A study published last week shows that social inequality in Canada has now reached levels unseen since the 1920s. Or, to put it otherwise, is now at levels comparable to those that prevailed prior to the great social struggles that gave birth to the mass industrial unions and compelled big business governments to establish a social safety net.
Published by the Canadian Centre for Policy Alternatives (CCPA) and authored by CCPA economist Armine Yalnizyan, The Rise of Canada’s Richest 1% shows that “the higher up the income ladder you climb, the faster the rise of the rich.” “Whether the economy grew or faltered,” during the past three decades, “the rise of the rich has been unstoppable.”
Previous studies have shown that since the economic slump of the early 1980s the vast majority of Canadians have experienced no or only tiny gains in their incomes once inflation is taken into account. Yet over the past thirty years, Canada’s real economic output has more than doubled...
The CCPA study argues that the past three decades have seen “a stunning reversal of long-term trends.” From the beginning of the Second World War through the 1977, the income share of the top 1 percent was almost cut in half, falling from 14 percent to 7.7 percent.
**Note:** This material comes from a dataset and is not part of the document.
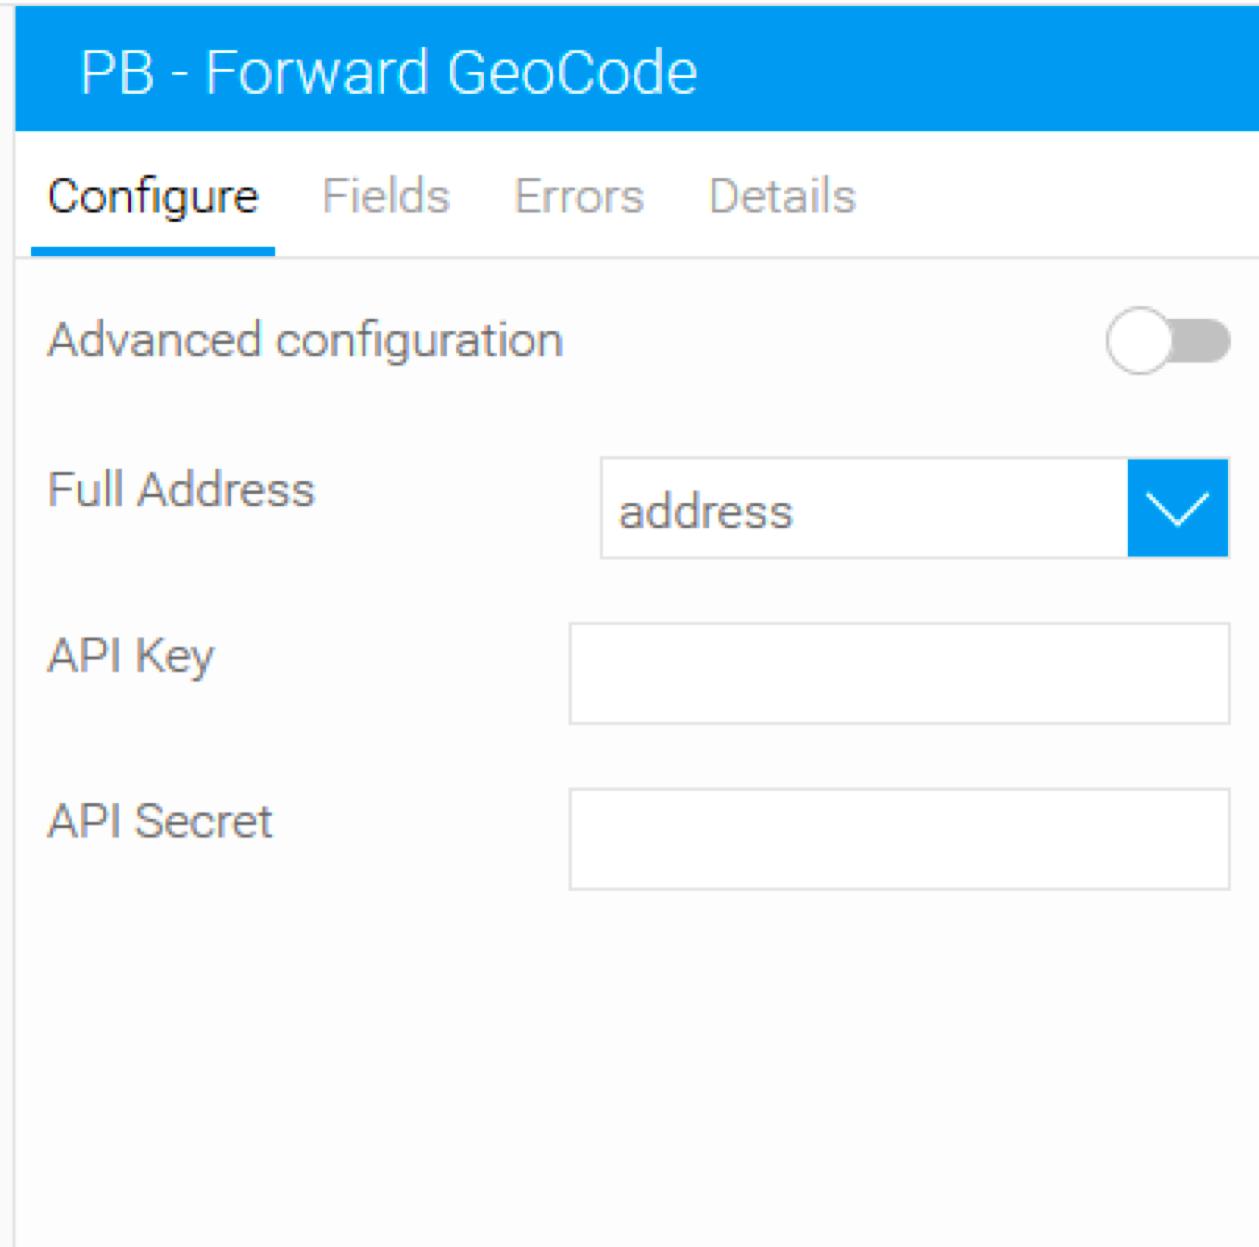 Pitney Bowes forward geocode in Yellowfin - single line address input

But, by 2007, the richest 1 percent of Canadian were again earning 13.8 percent of all market income and a 15.7 percent share of capital gains (which prior to 1971 were not taxed and therefore not declared) are included.
Huge as is this reversal, there is a second element in the rise of the rich that is almost as significant. As Yalnizyan demonstrates in the second half of her study, the rich have not only monopolized the gains in income, they have benefited from massive cuts in the rates at which their incomes and capital gains are taxed.